King of Yan
- Reign: 255–222 BCE
- Predecessor: King Xiao
- Successor: None (state annexed by Qin)
- Issue: Crown Prince Dan

Names
- Ancestral name: Jī (姬) Lineage name: Yān (燕) Given name: Xǐ (喜)
- House: Ji
- Dynasty: Yan
- Father: King Xiao of Yan

= Xi of Yan =

Chinese king of Yan state from 255 to 222 BC

Xi, King of Yan (燕王喜 (Yān Wáng Xǐ); fl. 255–222 BC; r. 255–222 BC) was the last monarch of the Yan state. He was the son of King Xiao whom he succeeded.

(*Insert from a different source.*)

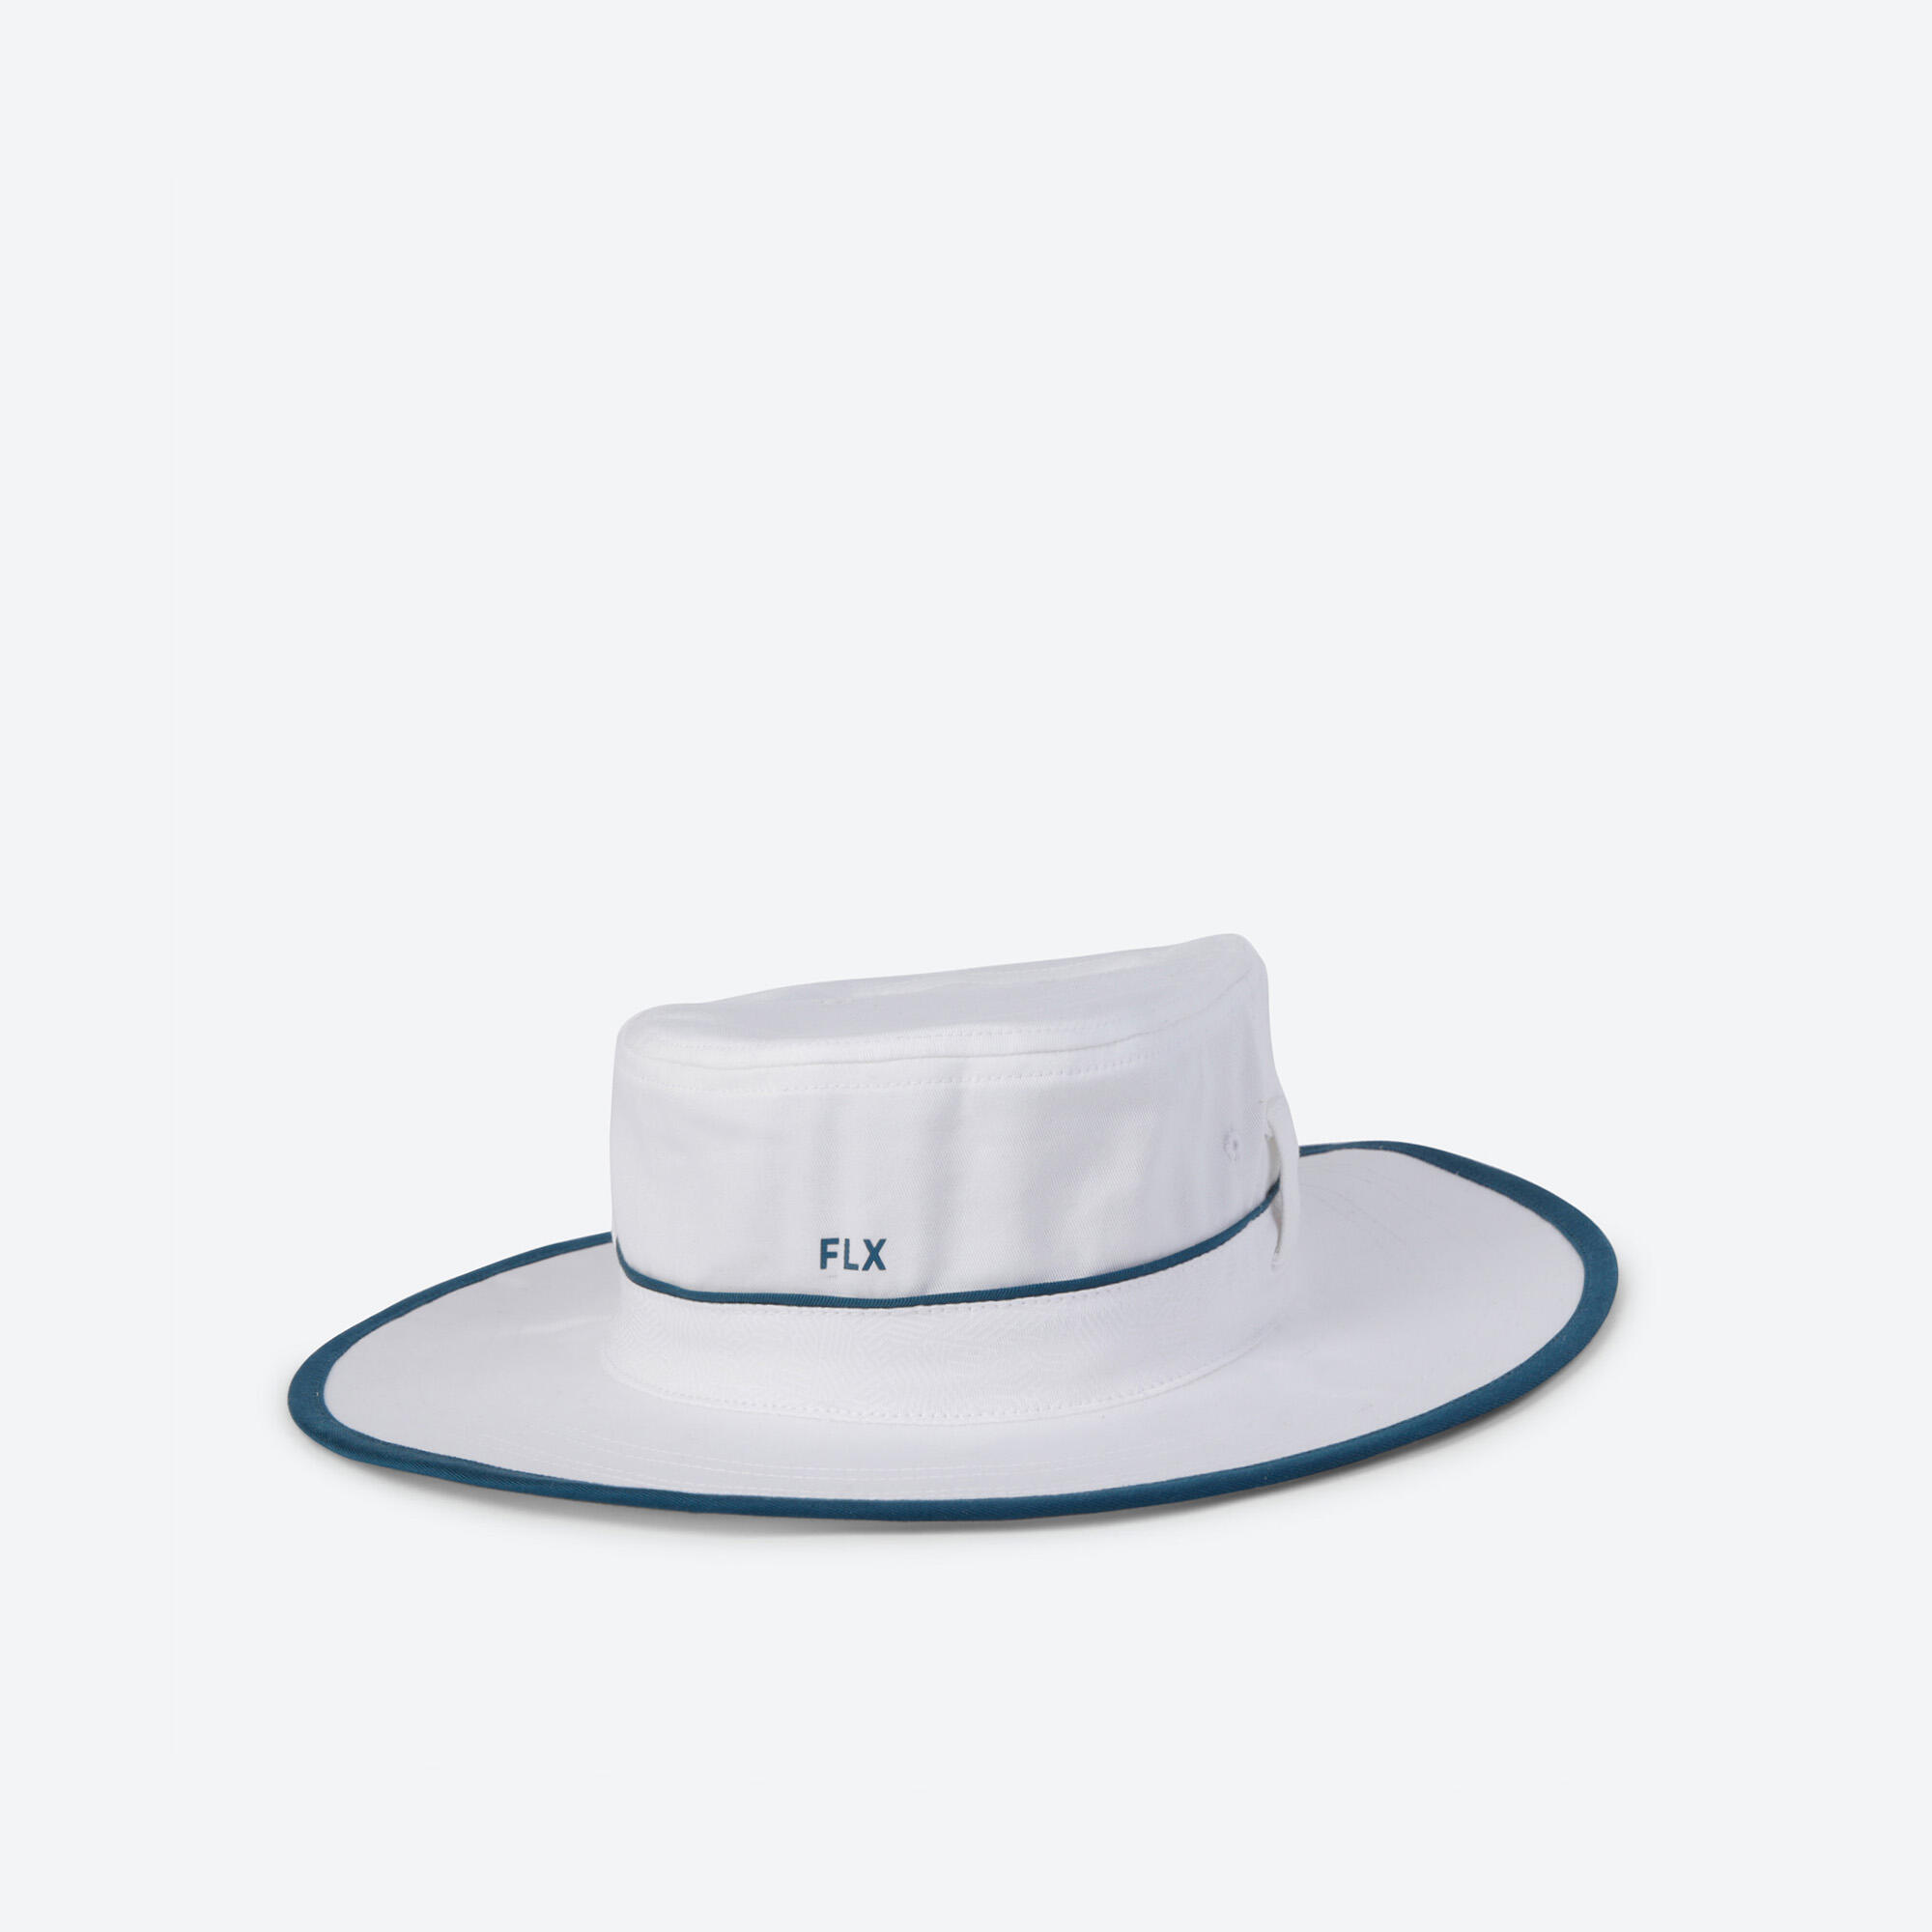 FLX UV PROTECTION CRICKET HAT WHITE

In the 28th year of his reign (227 BC), the Qin state began its conquest of Yan, and its army approached Yishui (易水; modern-day Yi County, Hebei). Seeing the threatening situation in which Yan was in, Crown Prince Dan, King Xi's son, sent assassins Jing Ke, Qin Wuyang and others to kill Zheng, King of Qin, under the guise of presenting him with a map of Dukang (督亢) and the severed head of the Qin general Huan Yi. As Jing Ke unrolled the map in front of King Zheng, the dagger was revealed, and the assassination failed. This failure only helped to fuel the rage and determination of the King of Qin, who increased the number of troops sent to conquer Yan and ordered Wang Jian to destroy Yan. The bulk of the Yan army was at the frozen Yishui River. The Yan army was defeated in 226 BC and Xi fled to the Liaodong Commandery. To appease King Zheng, King Xi had his own son executed by decapitation, and his head presented to King Zheng.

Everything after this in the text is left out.